▶ _Instructions for the task_: Give back exactly the lines of the data below, starting with the line that has "burung kenari,iphone case, semua hp" and going on through the line that has "れんが振る舞うプラカードMultifunctional Fitness Roller".

+++ Dataset records +++

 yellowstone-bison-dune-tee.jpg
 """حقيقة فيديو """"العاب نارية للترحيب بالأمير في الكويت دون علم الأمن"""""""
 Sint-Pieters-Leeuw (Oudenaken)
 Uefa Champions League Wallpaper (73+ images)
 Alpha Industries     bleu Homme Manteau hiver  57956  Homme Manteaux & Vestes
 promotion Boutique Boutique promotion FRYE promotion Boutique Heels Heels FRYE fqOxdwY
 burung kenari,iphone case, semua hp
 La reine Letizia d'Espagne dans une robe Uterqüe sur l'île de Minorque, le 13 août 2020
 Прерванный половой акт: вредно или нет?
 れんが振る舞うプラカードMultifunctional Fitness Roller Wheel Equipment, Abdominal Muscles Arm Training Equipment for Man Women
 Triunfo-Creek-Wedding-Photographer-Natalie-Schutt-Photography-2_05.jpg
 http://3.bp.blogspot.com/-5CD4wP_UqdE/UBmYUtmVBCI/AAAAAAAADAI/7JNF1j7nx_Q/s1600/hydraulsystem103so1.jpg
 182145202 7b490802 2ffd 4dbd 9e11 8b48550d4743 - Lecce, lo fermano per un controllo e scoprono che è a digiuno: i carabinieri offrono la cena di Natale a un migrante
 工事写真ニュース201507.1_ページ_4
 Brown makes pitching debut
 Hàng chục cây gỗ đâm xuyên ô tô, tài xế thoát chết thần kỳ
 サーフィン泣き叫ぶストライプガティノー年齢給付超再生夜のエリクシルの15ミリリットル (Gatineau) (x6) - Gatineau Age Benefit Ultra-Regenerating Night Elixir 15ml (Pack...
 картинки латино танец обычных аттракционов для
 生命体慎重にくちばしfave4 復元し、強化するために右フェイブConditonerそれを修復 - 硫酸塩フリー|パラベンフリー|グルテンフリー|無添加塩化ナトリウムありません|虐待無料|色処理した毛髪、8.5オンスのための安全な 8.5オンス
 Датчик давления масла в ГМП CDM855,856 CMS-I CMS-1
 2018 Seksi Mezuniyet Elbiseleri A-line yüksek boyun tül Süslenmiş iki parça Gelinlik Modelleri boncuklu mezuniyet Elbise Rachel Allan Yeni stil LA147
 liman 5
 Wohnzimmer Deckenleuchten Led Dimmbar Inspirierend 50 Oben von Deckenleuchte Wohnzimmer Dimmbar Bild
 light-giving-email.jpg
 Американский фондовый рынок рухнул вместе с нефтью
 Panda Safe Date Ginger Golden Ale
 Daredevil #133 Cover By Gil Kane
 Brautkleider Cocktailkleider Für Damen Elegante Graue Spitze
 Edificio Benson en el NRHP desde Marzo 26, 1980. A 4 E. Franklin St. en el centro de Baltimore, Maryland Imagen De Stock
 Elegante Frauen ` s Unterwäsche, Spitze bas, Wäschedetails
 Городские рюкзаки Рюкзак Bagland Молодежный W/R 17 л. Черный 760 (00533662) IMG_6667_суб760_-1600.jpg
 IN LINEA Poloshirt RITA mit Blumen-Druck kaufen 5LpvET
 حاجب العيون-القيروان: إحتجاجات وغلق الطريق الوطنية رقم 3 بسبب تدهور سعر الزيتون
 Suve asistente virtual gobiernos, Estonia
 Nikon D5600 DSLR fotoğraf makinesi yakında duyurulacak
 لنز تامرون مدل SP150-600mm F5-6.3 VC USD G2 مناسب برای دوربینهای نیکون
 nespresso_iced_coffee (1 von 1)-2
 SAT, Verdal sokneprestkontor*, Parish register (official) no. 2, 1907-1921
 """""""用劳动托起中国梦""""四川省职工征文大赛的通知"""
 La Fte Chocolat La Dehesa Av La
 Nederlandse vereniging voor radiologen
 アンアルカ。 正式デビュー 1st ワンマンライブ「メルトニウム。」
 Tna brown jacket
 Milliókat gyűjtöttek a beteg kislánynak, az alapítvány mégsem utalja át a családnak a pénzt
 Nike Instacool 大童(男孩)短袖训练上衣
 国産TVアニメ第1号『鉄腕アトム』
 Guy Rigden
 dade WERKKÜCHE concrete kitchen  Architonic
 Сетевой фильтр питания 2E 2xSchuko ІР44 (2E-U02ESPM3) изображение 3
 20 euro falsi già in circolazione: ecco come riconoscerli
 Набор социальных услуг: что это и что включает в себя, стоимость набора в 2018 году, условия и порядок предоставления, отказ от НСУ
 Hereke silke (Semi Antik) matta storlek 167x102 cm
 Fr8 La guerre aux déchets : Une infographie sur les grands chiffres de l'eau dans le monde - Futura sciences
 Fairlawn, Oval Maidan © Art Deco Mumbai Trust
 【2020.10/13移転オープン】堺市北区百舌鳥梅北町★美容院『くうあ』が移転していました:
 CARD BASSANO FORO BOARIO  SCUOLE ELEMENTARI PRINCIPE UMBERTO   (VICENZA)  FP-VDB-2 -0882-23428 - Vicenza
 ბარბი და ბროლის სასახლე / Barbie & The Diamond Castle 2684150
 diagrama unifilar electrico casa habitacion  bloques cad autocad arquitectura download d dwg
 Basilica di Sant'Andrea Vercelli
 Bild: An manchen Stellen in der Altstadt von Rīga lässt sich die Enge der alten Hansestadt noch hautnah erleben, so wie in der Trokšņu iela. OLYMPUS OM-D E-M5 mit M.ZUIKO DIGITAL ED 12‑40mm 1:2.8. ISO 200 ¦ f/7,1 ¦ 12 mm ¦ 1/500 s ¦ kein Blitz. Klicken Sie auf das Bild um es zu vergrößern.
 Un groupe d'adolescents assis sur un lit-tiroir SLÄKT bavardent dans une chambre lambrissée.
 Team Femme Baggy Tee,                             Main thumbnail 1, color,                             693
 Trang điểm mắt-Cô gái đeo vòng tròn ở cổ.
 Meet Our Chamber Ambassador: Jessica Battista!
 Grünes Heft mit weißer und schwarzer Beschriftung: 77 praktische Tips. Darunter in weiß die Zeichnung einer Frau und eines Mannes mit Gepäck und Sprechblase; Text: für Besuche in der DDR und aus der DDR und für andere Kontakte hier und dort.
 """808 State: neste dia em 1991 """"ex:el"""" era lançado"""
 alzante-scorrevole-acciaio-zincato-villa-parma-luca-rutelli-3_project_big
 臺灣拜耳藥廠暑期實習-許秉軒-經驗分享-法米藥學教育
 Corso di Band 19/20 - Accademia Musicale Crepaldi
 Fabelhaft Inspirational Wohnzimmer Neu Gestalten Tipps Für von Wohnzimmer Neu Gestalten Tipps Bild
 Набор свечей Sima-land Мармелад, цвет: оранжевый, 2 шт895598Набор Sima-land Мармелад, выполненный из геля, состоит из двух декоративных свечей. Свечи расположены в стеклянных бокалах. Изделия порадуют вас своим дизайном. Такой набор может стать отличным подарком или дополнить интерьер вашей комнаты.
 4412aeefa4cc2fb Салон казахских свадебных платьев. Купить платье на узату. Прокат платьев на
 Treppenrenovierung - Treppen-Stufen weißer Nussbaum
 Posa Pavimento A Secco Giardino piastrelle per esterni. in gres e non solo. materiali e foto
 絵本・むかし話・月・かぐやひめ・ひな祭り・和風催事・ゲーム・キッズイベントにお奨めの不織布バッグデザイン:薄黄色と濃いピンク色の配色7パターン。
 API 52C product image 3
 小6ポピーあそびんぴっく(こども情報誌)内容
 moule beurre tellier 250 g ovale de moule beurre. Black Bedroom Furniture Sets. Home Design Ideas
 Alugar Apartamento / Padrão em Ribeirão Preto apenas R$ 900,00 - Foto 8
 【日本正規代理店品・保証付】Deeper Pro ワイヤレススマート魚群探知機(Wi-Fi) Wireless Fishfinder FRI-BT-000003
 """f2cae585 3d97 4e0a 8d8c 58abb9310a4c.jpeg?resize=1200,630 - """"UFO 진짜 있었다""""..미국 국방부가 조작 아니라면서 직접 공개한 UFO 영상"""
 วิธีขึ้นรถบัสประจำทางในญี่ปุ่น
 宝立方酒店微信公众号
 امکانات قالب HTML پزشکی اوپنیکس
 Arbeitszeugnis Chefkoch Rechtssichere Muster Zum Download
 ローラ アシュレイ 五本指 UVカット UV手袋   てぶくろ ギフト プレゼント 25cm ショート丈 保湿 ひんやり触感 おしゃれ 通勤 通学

+++

▶ _Answer box_:
 burung kenari,iphone case, semua hp
 La reine Letizia d'Espagne dans une robe Uterqüe sur l'île de Minorque, le 13 août 2020
 Прерванный половой акт: вредно или нет?
 れんが振る舞うプラカードMultifunctional Fitness Roller Wheel Equipment, Abdominal Muscles Arm Training Equipment for Man Women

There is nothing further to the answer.